▶ **Exercise details**: Copy task. Retype the whole listing exactly, omitting any picture in it.
====== Collected material ======
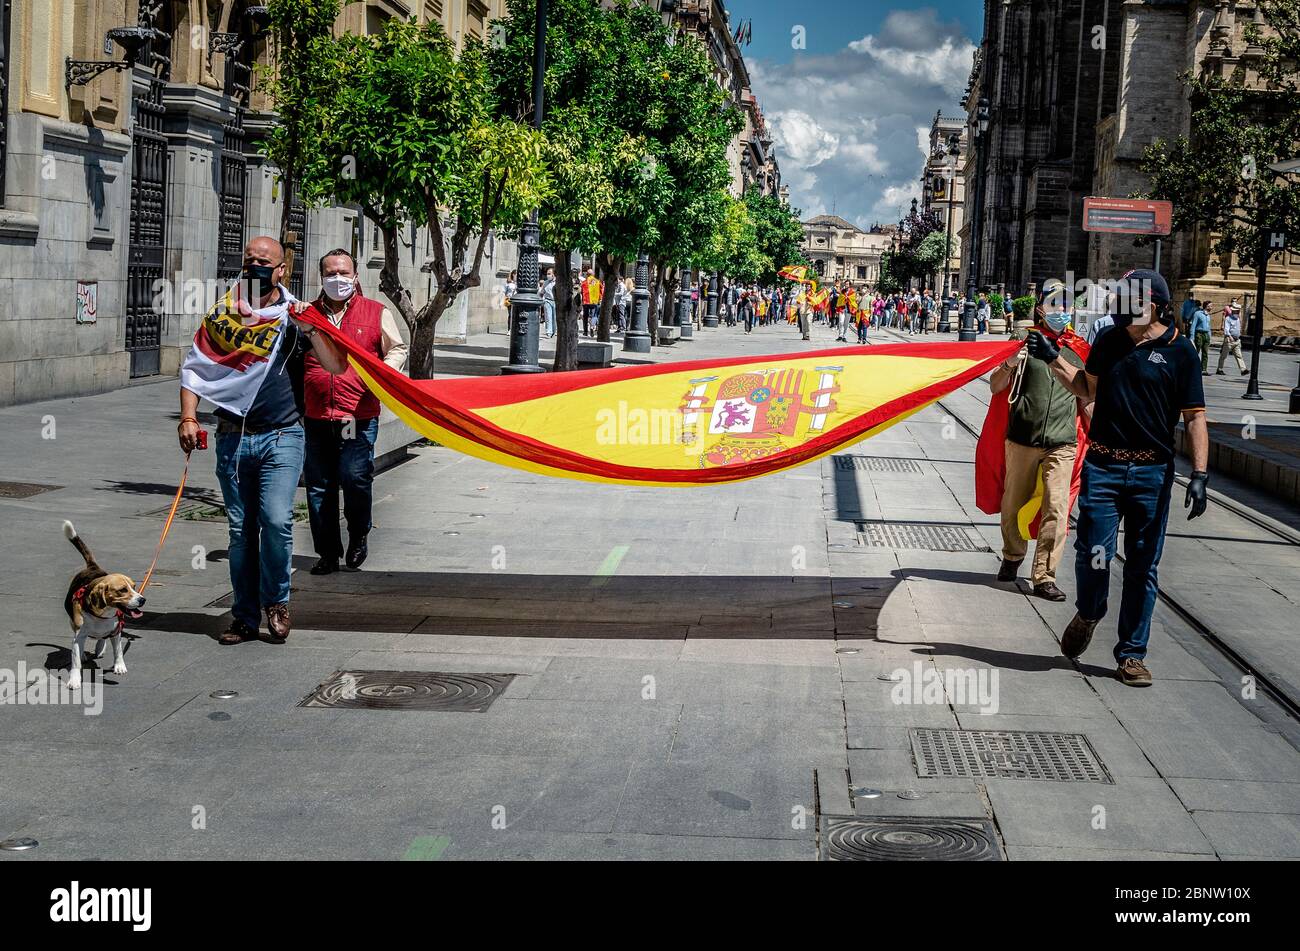 Street demonstration of Spain's far-right party Vox voters during the coronavirus pandemic. Selective focus on the shi Stock Photo
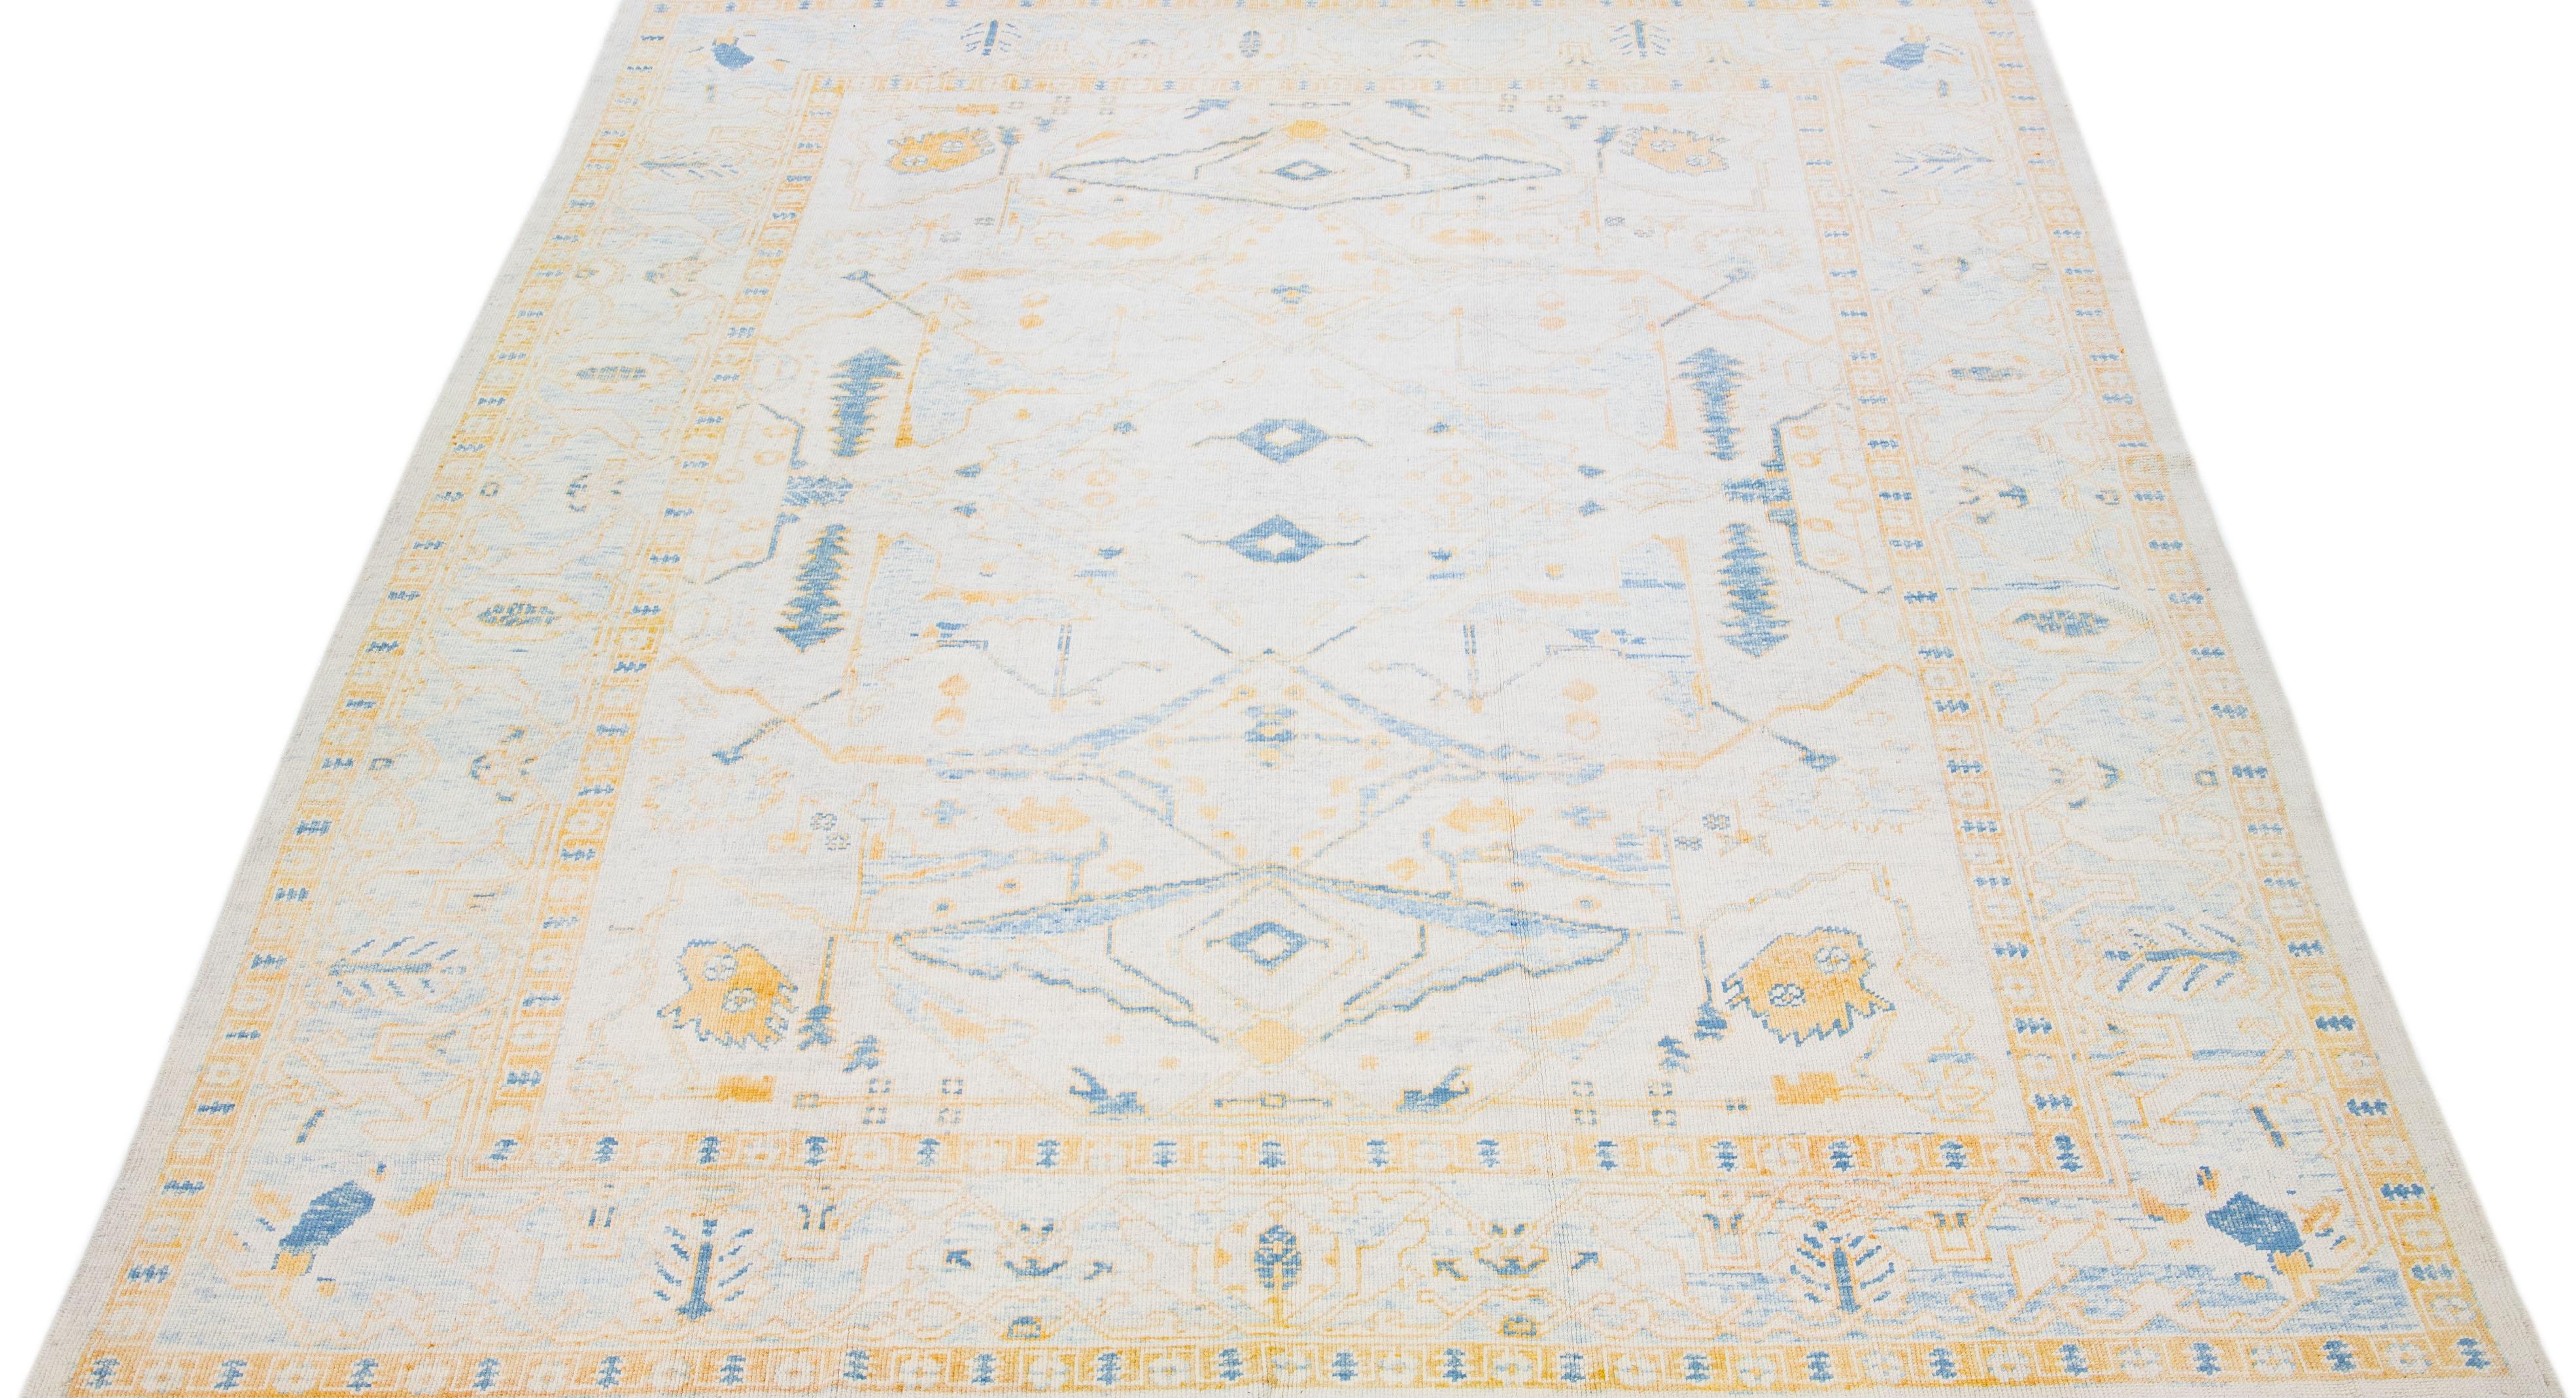 Beautiful modern Oushak hand-knotted wool rug with a beige color field. This Turkish Piece has blue and orange accent colors in a gorgeous all-over floral design.

This rug measures: 10'2
======
▶ **Solution for this problem**:
 Street demonstration of Spain's far-right party Vox voters during the coronavirus pandemic. Selective focus on the shi Stock Photo
 Beautiful modern Oushak hand-knotted wool rug with a beige color field. This Turkish Piece has blue and orange accent colors in a gorgeous all-over floral design.

This rug measures: 10'2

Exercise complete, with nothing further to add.